This paper presents data on the Holocene evolution of the sand aprons on 21 offshore platform reefs located on the southern Great Barrier Reef and how it can be used to infer past wave climates. We then present the recent wave climate for the study area (Smith et al. 2022) and analyse sand apron evolution accordingly.

• Methods

The sand aprons on 21 reefs located on the Capricorn Bunker Group (Southern Great Barrier Reef) were assessed from high-resolution satellite imagery, obtaining digital bathymetric models and digitizing the reef and lagoon contours. We then measured reef area and lagoon area to calculate the percentage of lagoon infilling. The wave climate for the study area was obtained from satellite altimetry using an open-source Python tool (Smith et al. 2020).

• Preliminary findings

Our results showed that the most important factor for lagoon infilling was the size of the reef, with larger reefs typically appearing less infilled than smaller reefs. Wave incidence seemed to be unimportant: the three reefs with less than 50% infill were all medium-sized and exposed to incident waves while all six protected reefs had infilling above 50%. While some authors had pointed out at relative sea-level changes to explain current sand apron stability (Harris et al. 2015), our results show that the self-limiting nature of the sand apron progradation, combined with relative sea-level changes, is a better explanation for sand apron stability. In any case, the extent of the sand apron can be used to infer wave climate at the time of sand apron progradation. For example, for One Tree Reef, one can argue the sand apron could had stopped prograding 4 ka BP because of the self-limiting sediment transport and remained stable until the sea-level fell.

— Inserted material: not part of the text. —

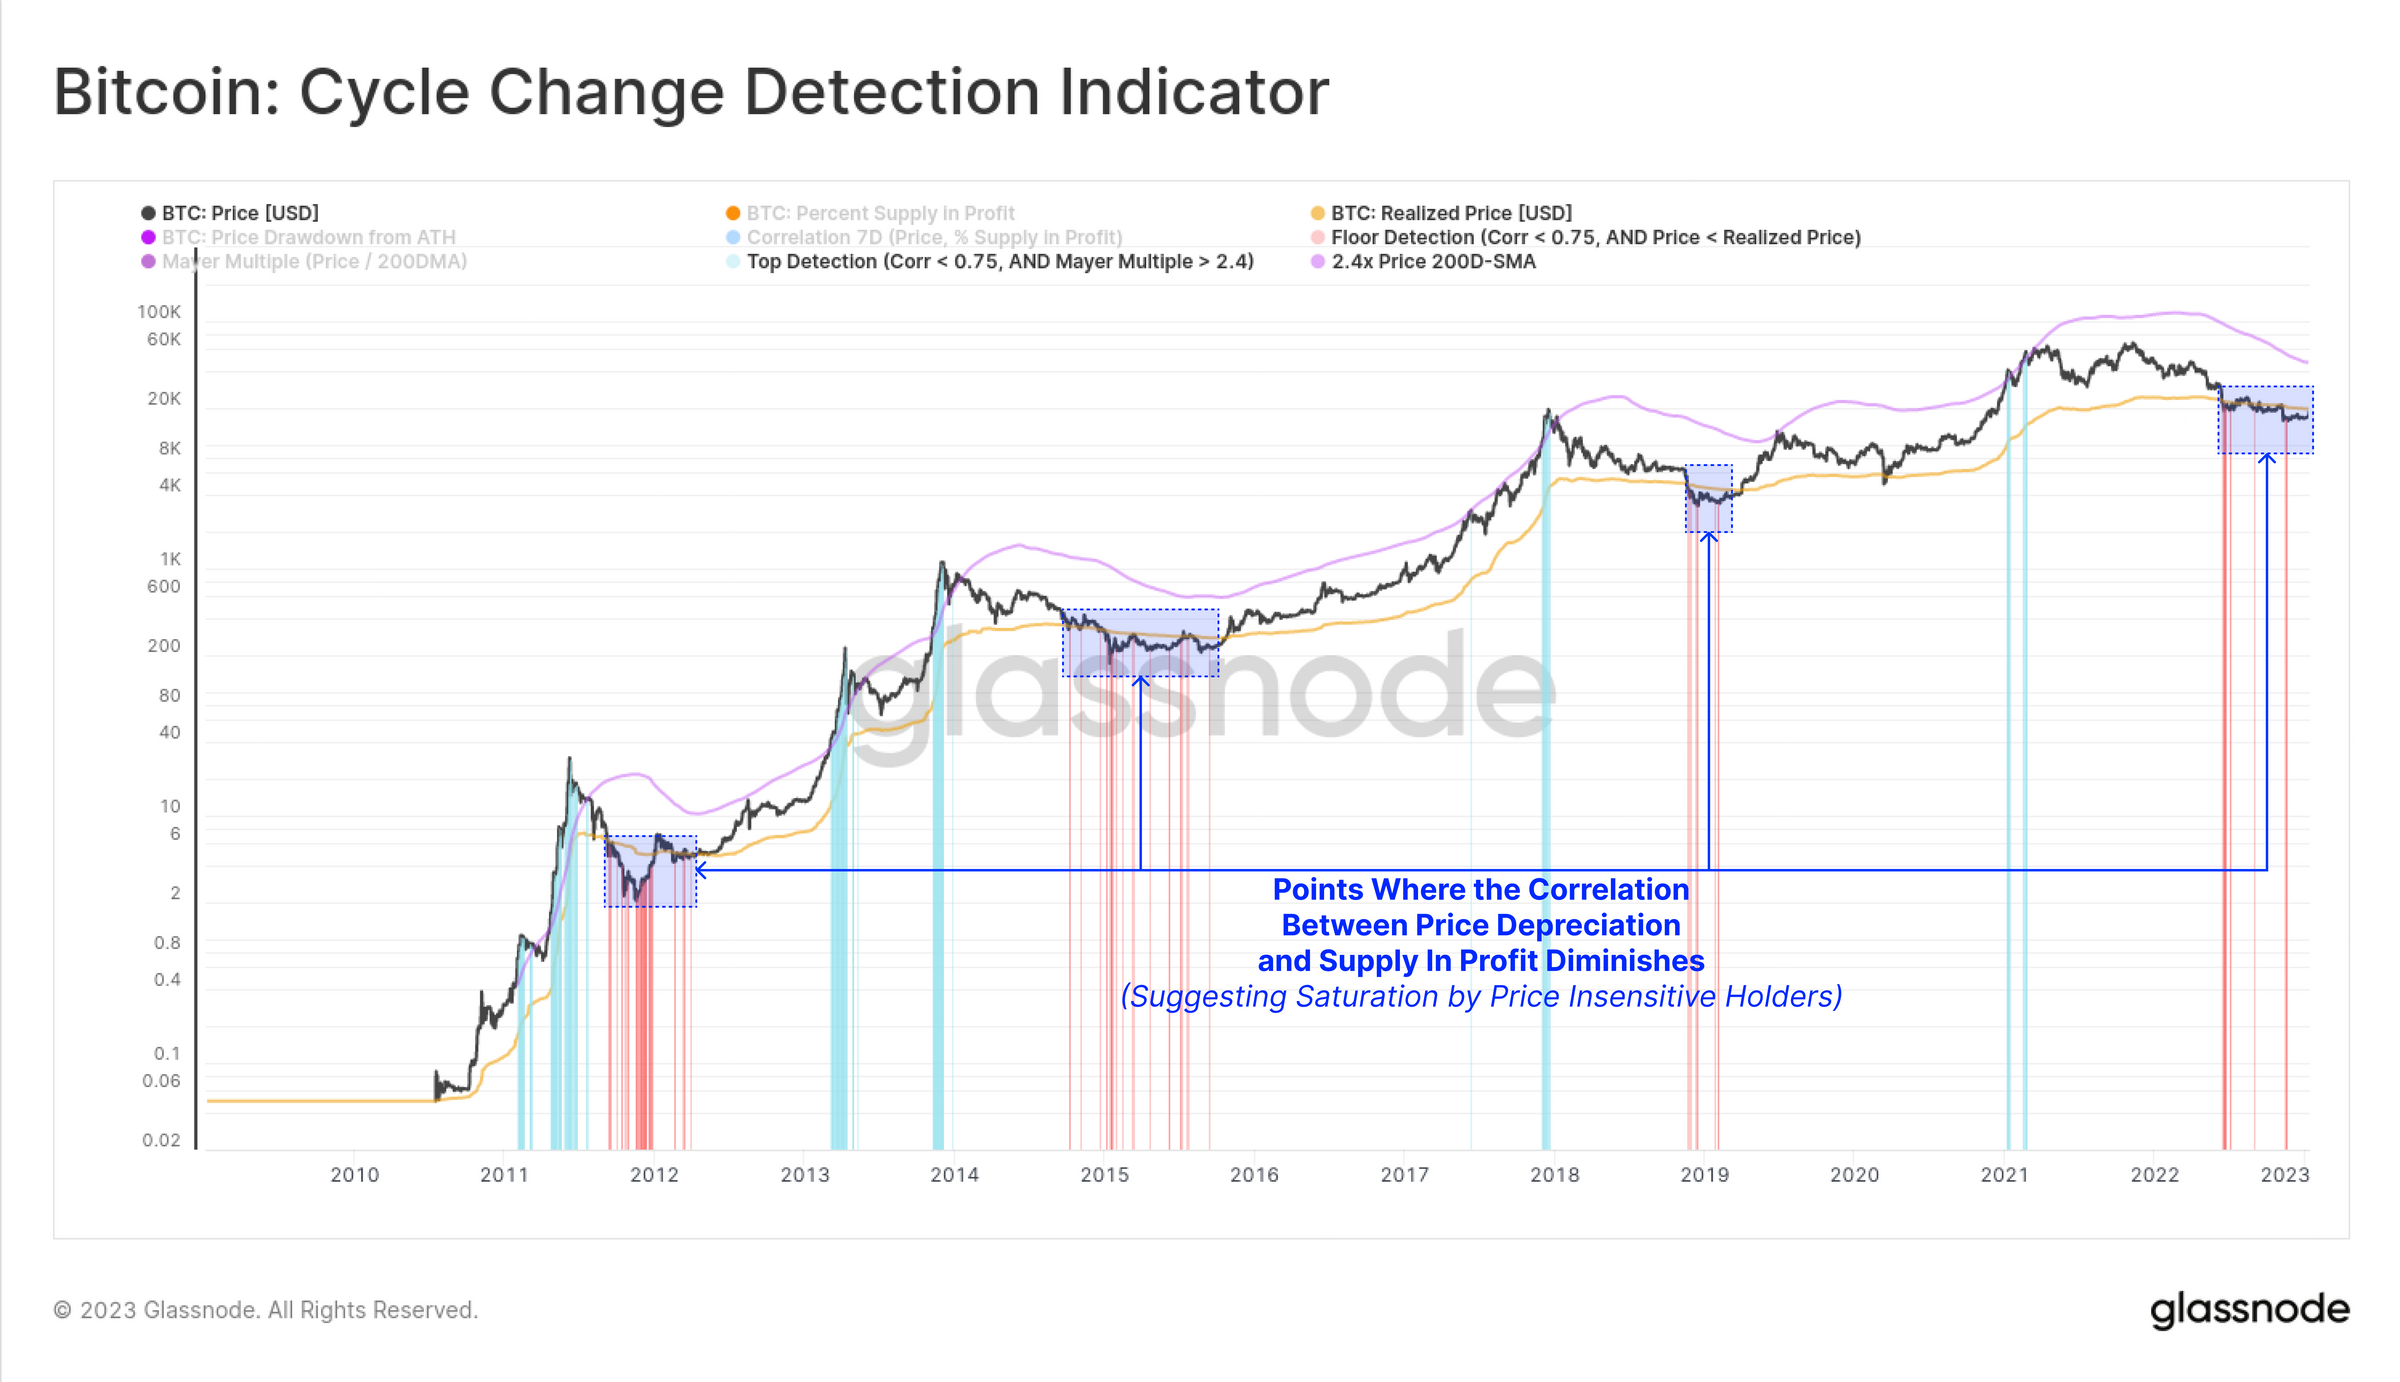 Cycle Change Detection Indicator

The wave climate on the Southern Great Barrier Reef is characterized by significant wave heights (Hs) of 1.7 m and has been stable for the past 33 years (Smith et al. 2022). Future changes in the wave climate, storm frequency, increases in sea level and changes to sediment availability caused by anthropogenic climate change will modify the eco-morphodynamics of the sand aprons and the percentage infilling of the lagoons.

How to cite: Vila-Concejo, A., Hamylton, S., Fellowes, T., and Salles, T.: Wave climate and sand apron development on the southern Great Barrier Reef, EGU General Assembly 2023, Vienna, Austria, 23–28 Apr 2023, EGU23-4585, https://doi.org/10.5194/egusphere-egu23-4585, 2023.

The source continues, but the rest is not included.